What is required:
Once you reach the end of the data, transcribe all of it exactly.

+++

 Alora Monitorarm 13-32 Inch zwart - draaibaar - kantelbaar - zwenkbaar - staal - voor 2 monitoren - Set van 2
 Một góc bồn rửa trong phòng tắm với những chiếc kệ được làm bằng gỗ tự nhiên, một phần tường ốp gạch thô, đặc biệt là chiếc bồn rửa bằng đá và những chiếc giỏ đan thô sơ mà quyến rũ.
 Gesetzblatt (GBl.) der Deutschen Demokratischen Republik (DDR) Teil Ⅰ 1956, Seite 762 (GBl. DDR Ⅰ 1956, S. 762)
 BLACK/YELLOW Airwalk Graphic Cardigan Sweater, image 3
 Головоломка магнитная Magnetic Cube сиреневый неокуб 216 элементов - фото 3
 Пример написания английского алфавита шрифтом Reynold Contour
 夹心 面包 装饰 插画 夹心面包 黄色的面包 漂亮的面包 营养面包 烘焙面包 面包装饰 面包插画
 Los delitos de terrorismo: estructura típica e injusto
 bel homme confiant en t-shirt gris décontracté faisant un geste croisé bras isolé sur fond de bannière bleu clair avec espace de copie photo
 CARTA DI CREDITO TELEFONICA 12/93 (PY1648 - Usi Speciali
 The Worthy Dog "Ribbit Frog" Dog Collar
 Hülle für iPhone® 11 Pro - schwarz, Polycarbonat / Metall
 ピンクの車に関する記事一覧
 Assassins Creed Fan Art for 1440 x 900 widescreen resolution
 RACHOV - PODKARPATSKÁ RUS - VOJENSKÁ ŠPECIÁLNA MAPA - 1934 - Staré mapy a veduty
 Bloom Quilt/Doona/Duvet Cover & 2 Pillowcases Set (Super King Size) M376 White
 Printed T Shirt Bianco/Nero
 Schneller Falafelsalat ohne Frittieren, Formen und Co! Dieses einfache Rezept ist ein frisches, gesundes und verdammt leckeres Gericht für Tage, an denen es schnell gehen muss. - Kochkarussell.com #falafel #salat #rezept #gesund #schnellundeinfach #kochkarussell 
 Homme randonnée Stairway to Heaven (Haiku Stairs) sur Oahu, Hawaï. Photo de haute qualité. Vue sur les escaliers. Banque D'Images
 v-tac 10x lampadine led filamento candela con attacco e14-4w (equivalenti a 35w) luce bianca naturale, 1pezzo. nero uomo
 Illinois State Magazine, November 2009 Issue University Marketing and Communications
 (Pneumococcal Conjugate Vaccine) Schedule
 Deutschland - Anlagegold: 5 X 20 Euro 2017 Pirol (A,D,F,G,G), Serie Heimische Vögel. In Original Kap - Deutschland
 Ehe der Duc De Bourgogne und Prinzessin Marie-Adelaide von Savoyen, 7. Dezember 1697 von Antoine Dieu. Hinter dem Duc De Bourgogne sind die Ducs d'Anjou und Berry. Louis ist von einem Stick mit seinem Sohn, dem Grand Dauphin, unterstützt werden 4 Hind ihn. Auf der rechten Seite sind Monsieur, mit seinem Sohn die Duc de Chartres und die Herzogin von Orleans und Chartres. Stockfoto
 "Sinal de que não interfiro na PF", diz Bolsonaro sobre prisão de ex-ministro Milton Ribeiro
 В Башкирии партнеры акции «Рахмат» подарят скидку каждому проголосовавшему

+++

Exercise answer:
 Alora Monitorarm 13-32 Inch zwart - draaibaar - kantelbaar - zwenkbaar - staal - voor 2 monitoren - Set van 2
 Một góc bồn rửa trong phòng tắm với những chiếc kệ được làm bằng gỗ tự nhiên, một phần tường ốp gạch thô, đặc biệt là chiếc bồn rửa bằng đá và những chiếc giỏ đan thô sơ mà quyến rũ.
 Gesetzblatt (GBl.) der Deutschen Demokratischen Republik (DDR) Teil Ⅰ 1956, Seite 762 (GBl. DDR Ⅰ 1956, S. 762)
 BLACK/YELLOW Airwalk Graphic Cardigan Sweater, image 3
 Головоломка магнитная Magnetic Cube сиреневый неокуб 216 элементов - фото 3
 Пример написания английского алфавита шрифтом Reynold Contour
 夹心 面包 装饰 插画 夹心面包 黄色的面包 漂亮的面包 营养面包 烘焙面包 面包装饰 面包插画
 Los delitos de terrorismo: estructura típica e injusto
 bel homme confiant en t-shirt gris décontracté faisant un geste croisé bras isolé sur fond de bannière bleu clair avec espace de copie photo
 CARTA DI CREDITO TELEFONICA 12/93 (PY1648 - Usi Speciali
 The Worthy Dog "Ribbit Frog" Dog Collar
 Hülle für iPhone® 11 Pro - schwarz, Polycarbonat / Metall
 ピンクの車に関する記事一覧
 Assassins Creed Fan Art for 1440 x 900 widescreen resolution
 RACHOV - PODKARPATSKÁ RUS - VOJENSKÁ ŠPECIÁLNA MAPA - 1934 - Staré mapy a veduty
 Bloom Quilt/Doona/Duvet Cover & 2 Pillowcases Set (Super King Size) M376 White
 Printed T Shirt Bianco/Nero
 Schneller Falafelsalat ohne Frittieren, Formen und Co! Dieses einfache Rezept ist ein frisches, gesundes und verdammt leckeres Gericht für Tage, an denen es schnell gehen muss. - Kochkarussell.com #falafel #salat #rezept #gesund #schnellundeinfach #kochkarussell 
 Homme randonnée Stairway to Heaven (Haiku Stairs) sur Oahu, Hawaï. Photo de haute qualité. Vue sur les escaliers. Banque D'Images
 v-tac 10x lampadine led filamento candela con attacco e14-4w (equivalenti a 35w) luce bianca naturale, 1pezzo. nero uomo
 Illinois State Magazine, November 2009 Issue University Marketing and Communications
 (Pneumococcal Conjugate Vaccine) Schedule
 Deutschland - Anlagegold: 5 X 20 Euro 2017 Pirol (A,D,F,G,G), Serie Heimische Vögel. In Original Kap - Deutschland
 Ehe der Duc De Bourgogne und Prinzessin Marie-Adelaide von Savoyen, 7. Dezember 1697 von Antoine Dieu. Hinter dem Duc De Bourgogne sind die Ducs d'Anjou und Berry. Louis ist von einem Stick mit seinem Sohn, dem Grand Dauphin, unterstützt werden 4 Hind ihn. Auf der rechten Seite sind Monsieur, mit seinem Sohn die Duc de Chartres und die Herzogin von Orleans und Chartres. Stockfoto
 "Sinal de que não interfiro na PF", diz Bolsonaro sobre prisão de ex-ministro Milton Ribeiro
 В Башкирии партнеры акции «Рахмат» подарят скидку каждому проголосовавшему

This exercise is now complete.